§ **WHAT THE TASK REQUIRES**
When you reach the records below, output each one exactly.

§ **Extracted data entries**
■ ■ ■ ■

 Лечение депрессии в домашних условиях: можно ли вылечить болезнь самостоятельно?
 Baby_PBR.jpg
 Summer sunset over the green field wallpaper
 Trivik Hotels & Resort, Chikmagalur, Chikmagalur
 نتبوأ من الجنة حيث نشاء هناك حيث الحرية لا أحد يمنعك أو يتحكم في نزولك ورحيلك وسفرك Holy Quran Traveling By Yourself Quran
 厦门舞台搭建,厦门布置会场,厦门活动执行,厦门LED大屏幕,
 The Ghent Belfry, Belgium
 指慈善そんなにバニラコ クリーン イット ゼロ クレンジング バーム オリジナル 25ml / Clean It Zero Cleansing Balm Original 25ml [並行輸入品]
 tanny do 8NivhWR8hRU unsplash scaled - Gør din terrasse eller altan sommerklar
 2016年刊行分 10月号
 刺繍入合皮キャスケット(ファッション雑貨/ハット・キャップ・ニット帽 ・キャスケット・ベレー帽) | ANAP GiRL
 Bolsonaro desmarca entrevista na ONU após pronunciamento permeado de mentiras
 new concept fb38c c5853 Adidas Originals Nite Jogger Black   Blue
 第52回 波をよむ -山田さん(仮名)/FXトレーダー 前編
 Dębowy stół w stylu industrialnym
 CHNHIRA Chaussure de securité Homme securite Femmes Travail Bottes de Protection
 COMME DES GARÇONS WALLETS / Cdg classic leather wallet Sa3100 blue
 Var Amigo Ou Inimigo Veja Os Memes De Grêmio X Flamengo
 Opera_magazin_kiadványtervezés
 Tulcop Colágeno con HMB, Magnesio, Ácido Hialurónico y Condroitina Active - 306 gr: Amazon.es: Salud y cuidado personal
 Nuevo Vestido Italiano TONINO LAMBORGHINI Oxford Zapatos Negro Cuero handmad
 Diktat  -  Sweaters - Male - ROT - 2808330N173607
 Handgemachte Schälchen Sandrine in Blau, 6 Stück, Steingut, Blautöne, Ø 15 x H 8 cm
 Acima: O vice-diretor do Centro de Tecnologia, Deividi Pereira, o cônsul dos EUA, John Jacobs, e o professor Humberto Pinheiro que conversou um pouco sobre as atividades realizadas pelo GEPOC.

■ ■ ■ ■

§ **ANSWER**
 Лечение депрессии в домашних условиях: можно ли вылечить болезнь самостоятельно?
 Baby_PBR.jpg
 Summer sunset over the green field wallpaper
 Trivik Hotels & Resort, Chikmagalur, Chikmagalur
 نتبوأ من الجنة حيث نشاء هناك حيث الحرية لا أحد يمنعك أو يتحكم في نزولك ورحيلك وسفرك Holy Quran Traveling By Yourself Quran
 厦门舞台搭建,厦门布置会场,厦门活动执行,厦门LED大屏幕,
 The Ghent Belfry, Belgium
 指慈善そんなにバニラコ クリーン イット ゼロ クレンジング バーム オリジナル 25ml / Clean It Zero Cleansing Balm Original 25ml [並行輸入品]
 tanny do 8NivhWR8hRU unsplash scaled - Gør din terrasse eller altan sommerklar
 2016年刊行分 10月号
 刺繍入合皮キャスケット(ファッション雑貨/ハット・キャップ・ニット帽 ・キャスケット・ベレー帽) | ANAP GiRL
 Bolsonaro desmarca entrevista na ONU após pronunciamento permeado de mentiras
 new concept fb38c c5853 Adidas Originals Nite Jogger Black   Blue
 第52回 波をよむ -山田さん(仮名)/FXトレーダー 前編
 Dębowy stół w stylu industrialnym
 CHNHIRA Chaussure de securité Homme securite Femmes Travail Bottes de Protection
 COMME DES GARÇONS WALLETS / Cdg classic leather wallet Sa3100 blue
 Var Amigo Ou Inimigo Veja Os Memes De Grêmio X Flamengo
 Opera_magazin_kiadványtervezés
 Tulcop Colágeno con HMB, Magnesio, Ácido Hialurónico y Condroitina Active - 306 gr: Amazon.es: Salud y cuidado personal
 Nuevo Vestido Italiano TONINO LAMBORGHINI Oxford Zapatos Negro Cuero handmad
 Diktat  -  Sweaters - Male - ROT - 2808330N173607
 Handgemachte Schälchen Sandrine in Blau, 6 Stück, Steingut, Blautöne, Ø 15 x H 8 cm
 Acima: O vice-diretor do Centro de Tecnologia, Deividi Pereira, o cônsul dos EUA, John Jacobs, e o professor Humberto Pinheiro que conversou um pouco sobre as atividades realizadas pelo GEPOC.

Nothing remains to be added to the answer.